An association between sleep duration and a wide spectrum of diseases has been reported, but little is known about its relationship with bone mineral density (BMD). Previously conducted studies in Korea and abroad have reported results that are controversial. The present study sought to assess whether sleep duration can be considered an independent risk factor of osteoporosis.

Methods

We included participants over the age of 60 years with data on self-reported habitual sleep duration and BMD measured with dual X-ray absorptiometry. Comprehensive data on the study sample was obtained from the Korea National Health and Nutritional Survey performed from 2008 to 2010. Sex-stratified multiple regression analyses were conducted with adjustments for possible confounding factors.

Results

There was a significant inverse dose-dependent association between sleep duration and BMD measured at total hip, femur neck, and lumbar spine for women and total hip and femur neck for men. Sex-stratified regression analyses adjusted for age and body mass index revealed that sleep duration had a negative correlation with BMD at total hip and femoral neck for both women (β = -0.0048; P = 0.0172 for total hip, β = -0.0037; P = 0.0303 for femur neck) and men (β = -0.0057; P = 0.0218 for total hip, β = -0.0057; P = 0.0143 for femur neck). For women, the significance remained after further adjustment of confounding variables.

Conclusion

Prolonged sleep duration appears to have a significant association with lower total hip and femur neck BMD in elderly women but not in elderly men.

INTRODUCTION

In accordance with population aging, incidence of osteoporosis continues to increase, giving rise to a growing concern for its impact that crosses medical, social, and economic lines.1) One in three women older than 50 years was reported to be suffering from osteoporosis.2) Because resultant fractures are associated with an increased rate of morbidity and mortality, such a high prevalence of the disease stresses the importance of clarifying all possible risk factors for better prevention of osteoporosis.
Aging, estrogen deficiency, low body or muscle mass, and low calcium intake are widely known as risk factors for osteoporosis.3) Lifestyle patterns such as excessive alcohol consumption and decreased physical activity are also recognized to be closely linked with the disease. Previous studies have demonstrated an association between sleep duration and a wide spectrum of diseases; sleep deprivation was found to be associated with cardiovascular diseases and cancer,4,5) while prolonged sleep duration, e.g., 9 hours or more per day has been reported to raise the risk of stroke by 65% compared to people with habitual sleep duration of 7 to 8 hours.5) Unfortunately, little is known about the relationship between sleep duration and bone mineral density (BMD), and to the best of our knowledge, only a few studies have been carried out on the subject to date.
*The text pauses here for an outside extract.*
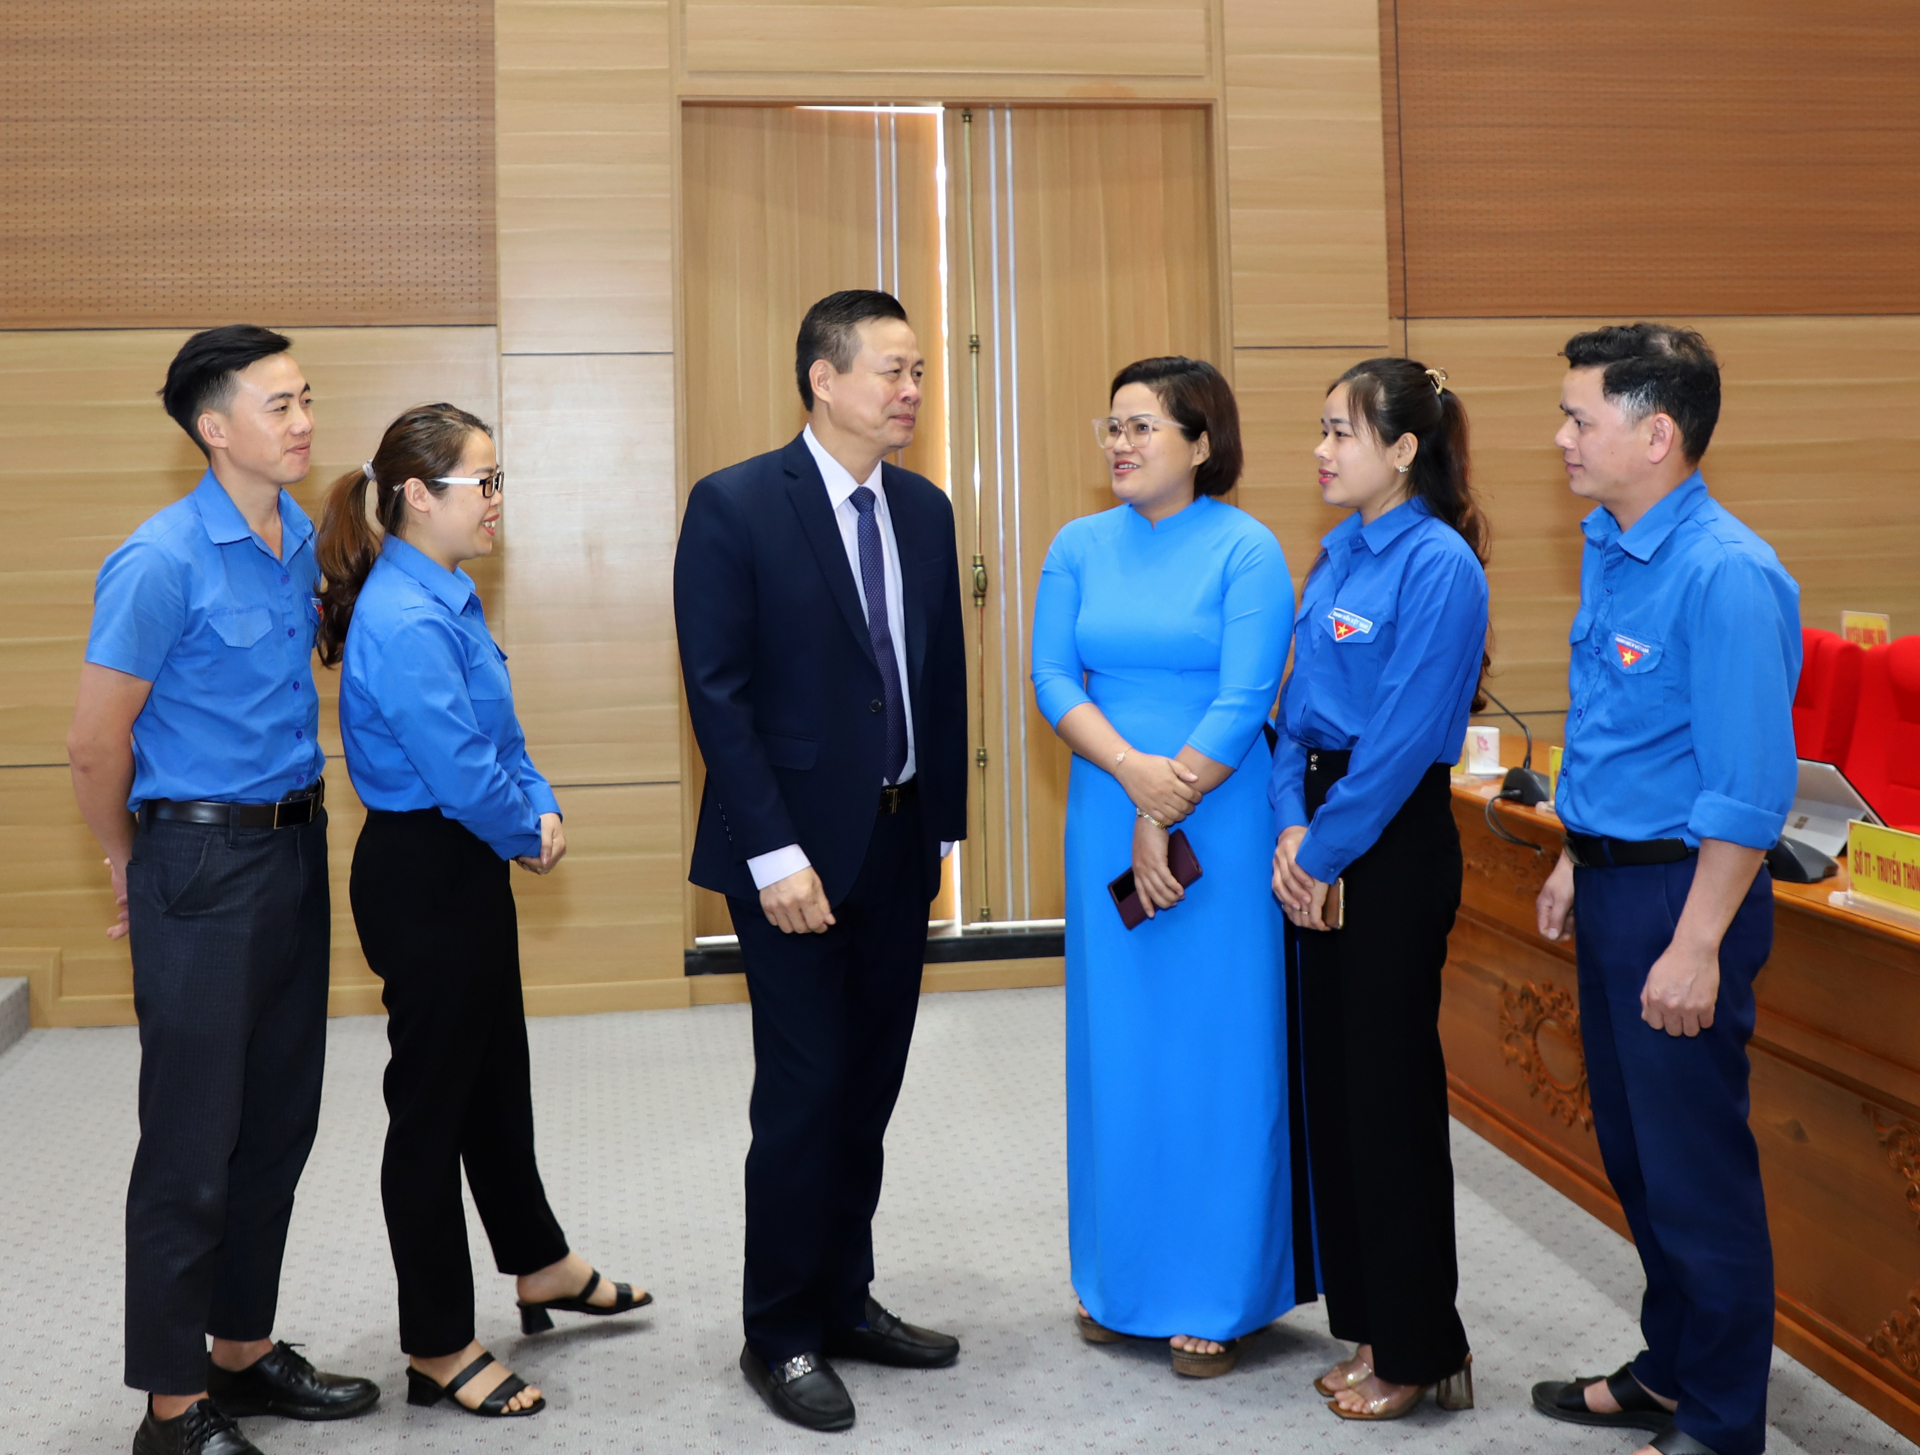 Chủ tịch UBND tỉnh Nguyễn Văn Sơn trao đổi với thanh niên bên lề buổi đối thoại.

Moreover, former studies conducted in Korea to elucidate their relationship had some limitations due to a lack of quantified information on the exact sleeping hours or the inability to represent the Korean general population.6,7,8) Not only the controversial results shown by the previous reports but also the ultimate lack of studies build an unclear relationship between sleep duration and BMD.
Therefore, we performed a large-scale study to determine whether sleep duration can be considered an independent risk factor for osteoporosis in the elderly population by using data provided by the Korea National Health and Nutritional Survey (KNHANES) with quantified information on sleep duration to wholly represent the Korean general population.

METHODS

1. Study Subjects

Data used in the analysis were obtained from the KNHANES performed between 2008 and 2010. KNHANES is a nationwide, extensive survey performed annually in South Korea by the Korea Center for Disease Control and Prevention. Purpose of the survey is to assess health and nutritional status of adults and children in Korea and to provide health statistics that properly represent the nation. It consists of a health interview survey, a nutrition survey, and a medical examination survey. Written informed consent was obtained from all participants.
Participation rate in the survey in 2008, 2009, and 2010 was 77.8%, 82.8%, and 81.9% of the target population, respectively. Of the 21,811 adult participants, we only included those older than 60 years of age. Participants were excluded if data on sleeping hours or BMD measurements were missing. Other exclusion criteria were immobilization, premature ovarian failure, surgical menopause, current fracture, thyroidal disease, renal failure, or rheumatoid arthritis, leaving 2,679 for analysis.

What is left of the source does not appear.